In the word RAINBOW, how many distinct permutations of all the letters are possible in which R and W occupy the two end positions (in either order)?

Introduction / Context:
This arrangement problem involves placing specific letters at fixed types of positions, namely the ends of a word. The word RAINBOW has seven distinct letters, and we must count how many permutations have R and W at the two extreme positions, in any order. Once the end letters are fixed, the remaining letters can be permuted freely in the middle positions.

Given Data / Assumptions:

• The word is RAINBOW, with letters R, A, I, N, B, O, W.
• All letters are distinct.
• The two end positions are the first and last positions of the seven letter arrangement.
• R and W must occupy the end positions in any order.
• The remaining five letters (A, I, N, B, O) fill the middle positions.

Concept / Approach:
First, determine how many ways R and W can be placed at the two ends. Then, determine how many ways to arrange the remaining five distinct letters in the five middle positions. Multiply these counts to get the total number of valid arrangements. This is a straightforward permutation problem with an additional constraint on specific positions.

Step-by-Step Solution:
Step 1: Place R and W at the two ends. The two end positions are left and right ends of the word. R can be at the left and W at the right, or W at the left and R at the right. Number of ways to assign R and W to the ends = 2. Step 2: Arrange the remaining letters in the middle positions. Remaining letters: A, I, N, B, O (5 distinct letters). Number of ways to arrange 5 distinct letters = 5! = 120. Step 3: Multiply the contributions. Total valid permutations = 2 * 5! = 2 * 120 = 240.

Verification / Alternative check:
Instead of thinking in two steps, we can imagine first choosing which letter goes to the left end (2 choices: R or W), which automatically fixes the right end as the other letter. Then we arrange the remaining 5 letters in the middle. This again leads to 2 * 120 = 240 permutations, confirming the result.

Why Other Options Are Wrong:
Option 120 corresponds to fixing R and W at specific ends but forgetting that they can be swapped. Option 180 or 210 do not match any simple product of 2 and a factorial.
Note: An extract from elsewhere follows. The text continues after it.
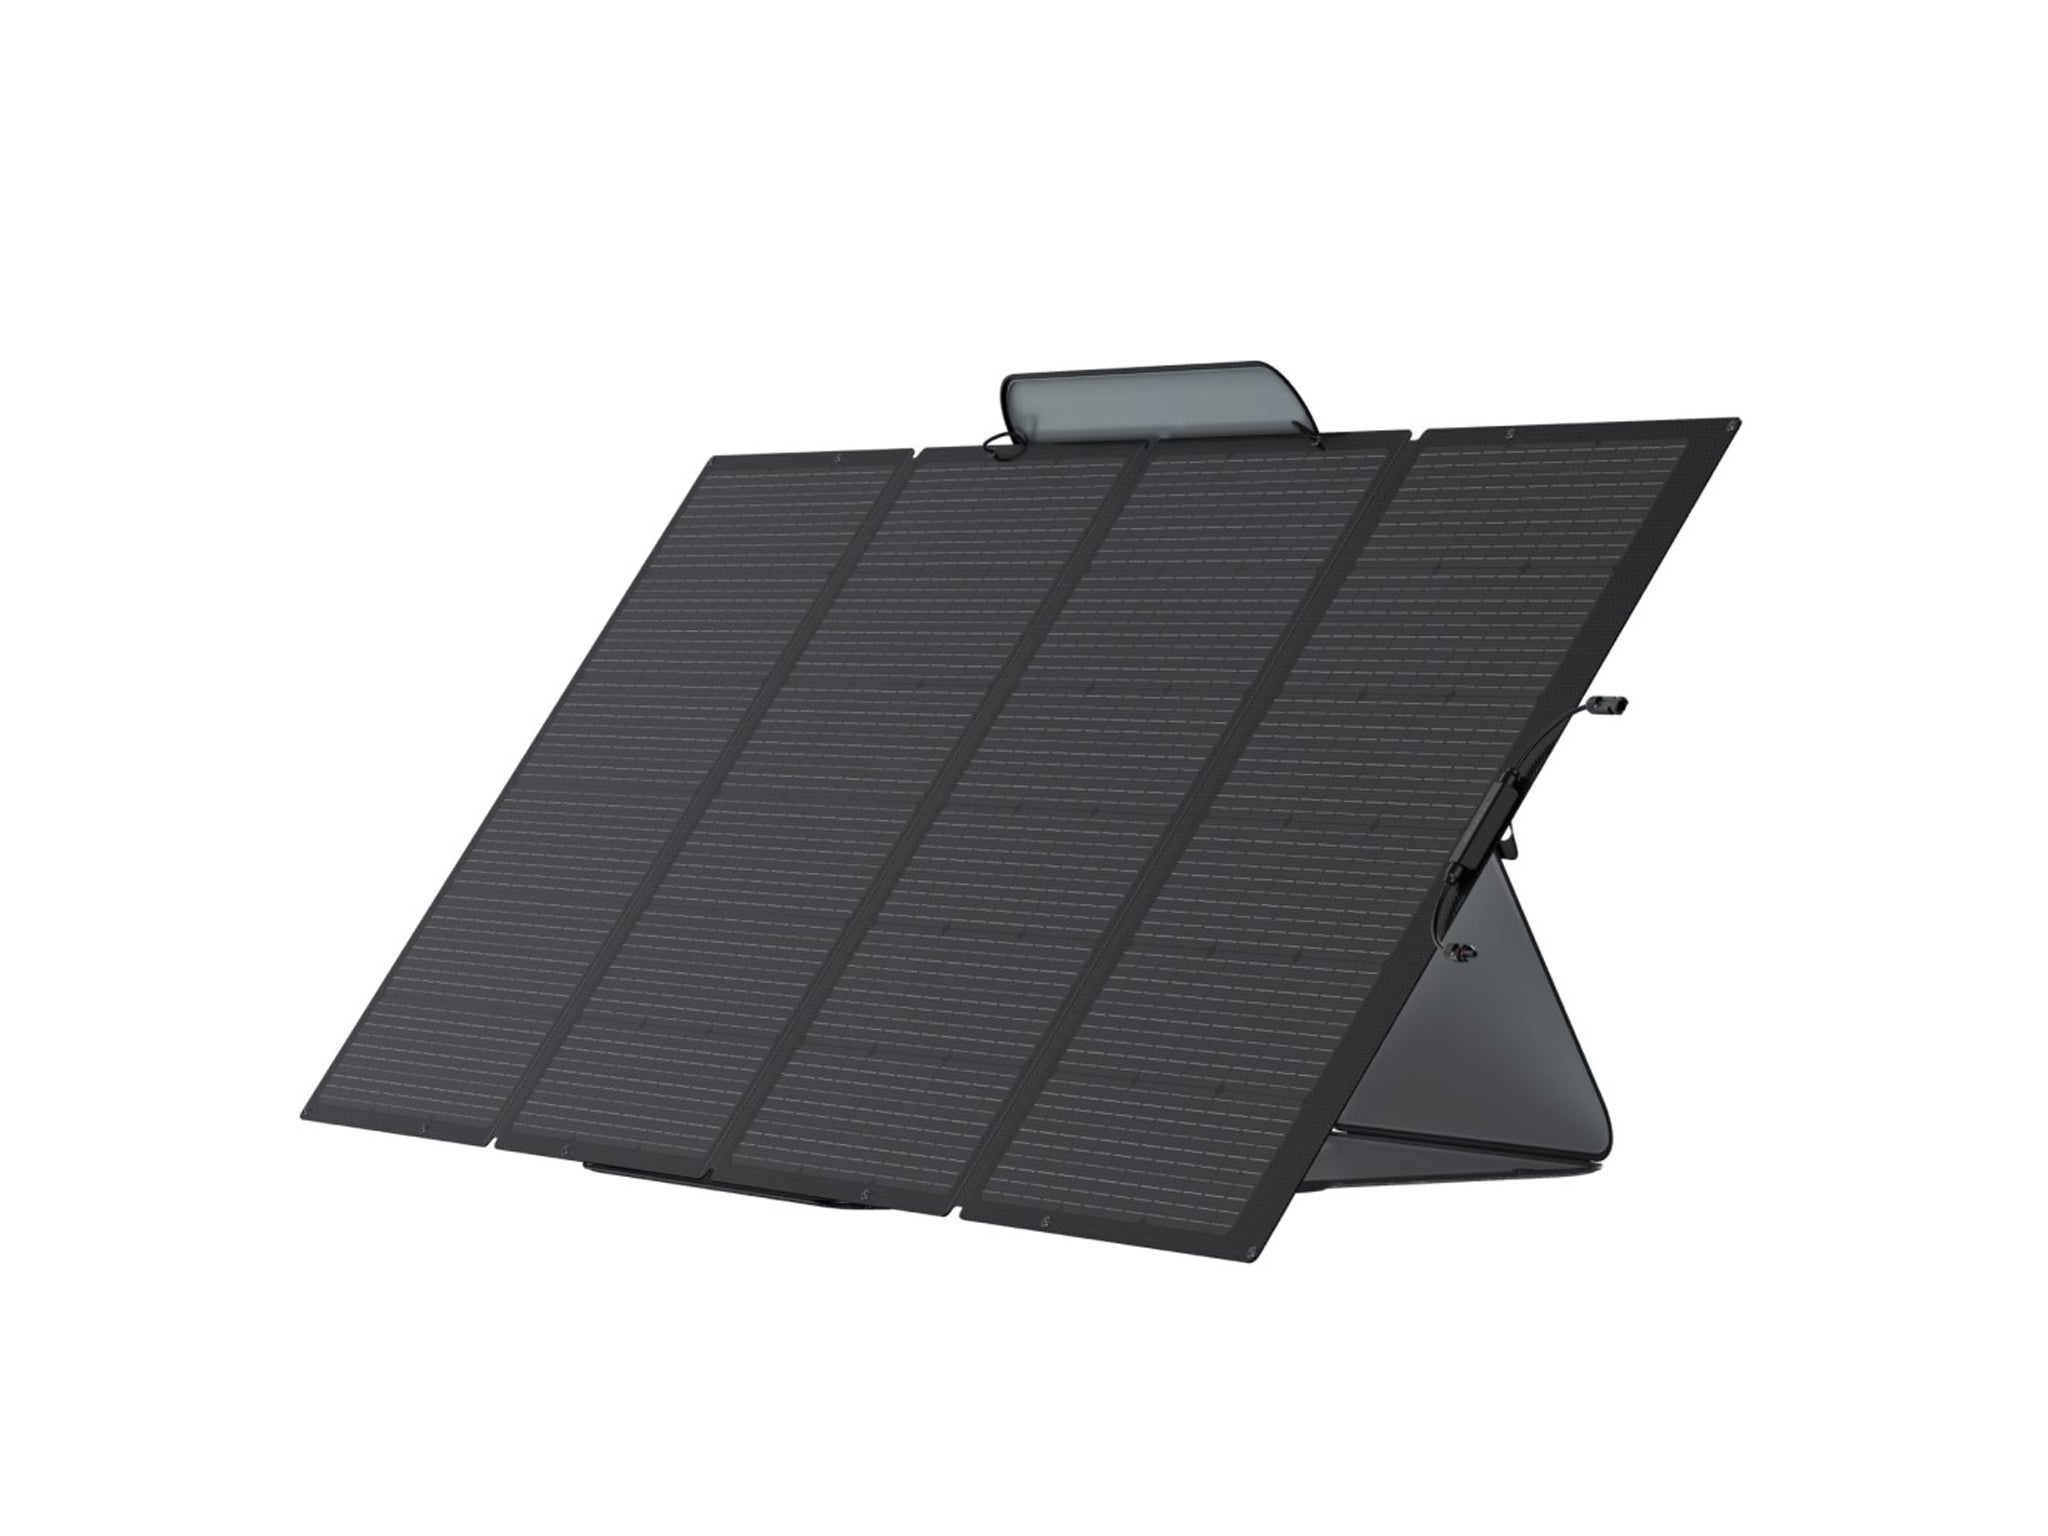 Ecoflow 220W solar panel

Option 360 would be 3 * 120, suggesting that three end configurations were counted, which is not possible here because only R and W can occupy the ends under the given condition.

Common Pitfalls:
A frequent mistake is to treat the two ends as indistinguishable, counting only 5! = 120 arrangements and ignoring swapping R and W. Another error is to forget that the remaining letters are all distinct and therefore should be arranged using 5!. Explicitly separating the assignment of end letters from the permutations of middle letters avoids such mistakes.

Final Answer:
There are 240 different permutations of RAINBOW where R and W occupy the two end positions.